Reaction Products of Dimethyl hydrogen phosphite and Alcohols C14-18, Even, Linear

Administrative data

Endpoint:

skin irritation: in vivo

Type of information:

experimental study

Adequacy of study:

key study

Study period:

02 March 1974 to 18 April 1974

Reliability:

2 (reliable with restrictions)

Rationale for reliability incl. deficiencies:

other: Pre-GLP study

Data source

Materials and methods

Principles of method if other than guideline:

The method employed in the testing was similar to that described in Section 1500.41 - Hazardous Substances and Articles. Administration and Enforcement Regulations, Federal Register, Vol 38 No 187 P.27019, 27 September 1973. Six albino rabbits were clipped, one side of the animals' back was abraded with a lancet sufficiently deep to penetrate the stratum cornium but not enter the derma. The skin of the other side remained intact. A 0.5g of test item was applied to an abraded and an intact skin site on the same rabbit. Gauza patches were then placed over the treated areas and an impervious material was wrapped snugly around the trunks of the rabbits to hold the patches in place. The wrapping was removed at the end of the 24-hour period and the treated areas were examined. Readings were also made at 72-hours. The Draize method of scoring was used

GLP compliance:

no

Remarks:

Prior to GLP

Test material

Test animals

Species:

rabbit

Strain:

not specified

Details on test animals or test system and environmental conditions:

No details on test animals and environment provided

Test system

Type of coverage:

occlusive

Preparation of test site:

other: Clipped with abraded and intact sites on each animal

Vehicle:

unchanged (no vehicle)

Controls:

no

Amount / concentration applied:

0.5g

Duration of treatment / exposure:

24 hour occlusive exposure. The sites were not washed after the patches were removed.

Observation period:

24 and 72 hours

Number of animals:

6

Details on study design:

Six albino rabbits were clipped, one side of the animals' back was abraded with a lancet sufficiently deep to penetrate the stratum cornium but not enter the derma. The skin of the other side remained intact. A 0.5g of test item was applied to an abraded and an intact skin site on the same rabbit. Gauza patches were then placed over the treated areas and an impervious material was wrapped snugly around the trunks of the rabbits to hold the patches in place. The wrapping was removed at the end of the 24-hour period and the treated areas were examined. Readings were also made at 72-hours. The Draize method of scoring was used

Results and discussion

In vivo

Resultsopen allclose all

Irritant / corrosive response data:

Intact skin only
The test item elicited a well defined erythema response in all animals at the 24 and 72 hour observation. No other irritation response were noted.

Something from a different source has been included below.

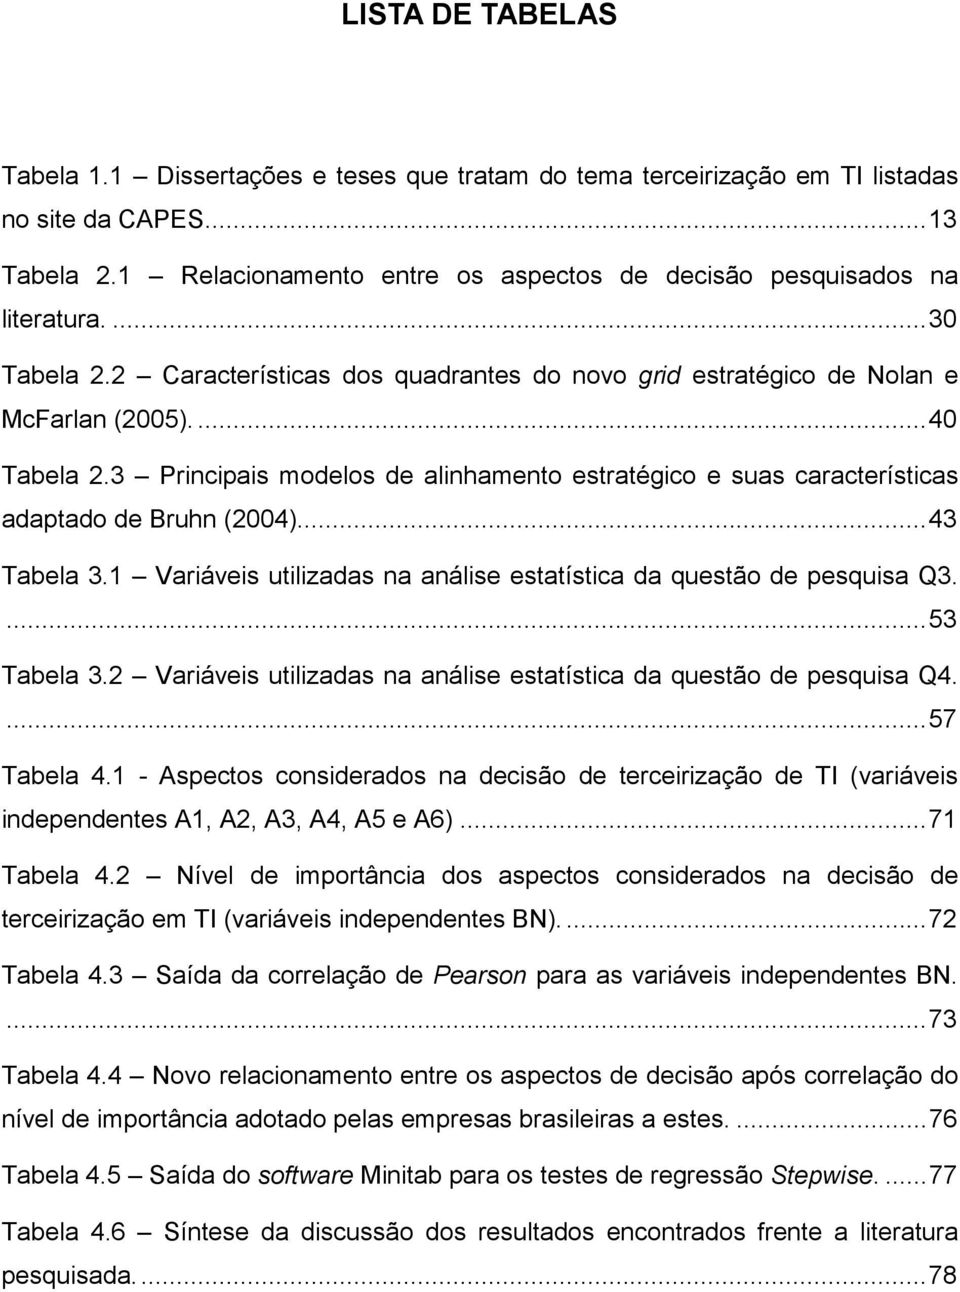 3 Principais modelos de alinhamento estratégico e suas características adaptado de Bruhn (2004)...43 Tabela 3.1 Variáveis utilizadas na análise estatística da questão de pesquisa Q3....53 Tabela 3.

Any other information on results incl. tables

Irritation effects on the intact skin only are considered for classification purposes.

Applicant's summary and conclusion

Interpretation of results:

not classified

Remarks:

Migrated information Criteria used for interpretation of results: EU

Conclusions:

In accordance with EU CLP Regulation (EC) No. 1272/2008 classification of this substance for skin irritation is not required.

Executive summary:

Introduction

The study was performed in accordance with the US Federal Hazardous Substances Labelling Act to assess the irritancy potential of the test item to the skin of rabbits.

Method and materials

The intact and abraded skin of 6 rabbits was used. The hair was clipped from the backs of the rabbits. One side of the animals' back was abraded with a lancet sufficiently deep to penetrate the stratum cornium but not enter the derma. The skin of the other side remained intact. A 0.5g of test item was applied to an abraded and an intact skin site on the same rabbit. GauzE patches were then placed over the treated areas and an impervious material was wrapped snugly around the trunks of the rabbits to hold the patches in place. The wrapping was removed at the end of the 24-hour period and the treated areas were examined. Readings were also made at 72-hours. The Draize method of scoring was used.

Results

A single 24-Hour, occluded application of the test item to the intact skin of six rabbits produced a well defined erythema response in all six animals at the 24 & 72 -hour observation No other irritation responses were noted.

Conclusion

In accordance with EU CLP Regulation (EC) No. 1272/2008 classification of this substance for skin irritation is not required.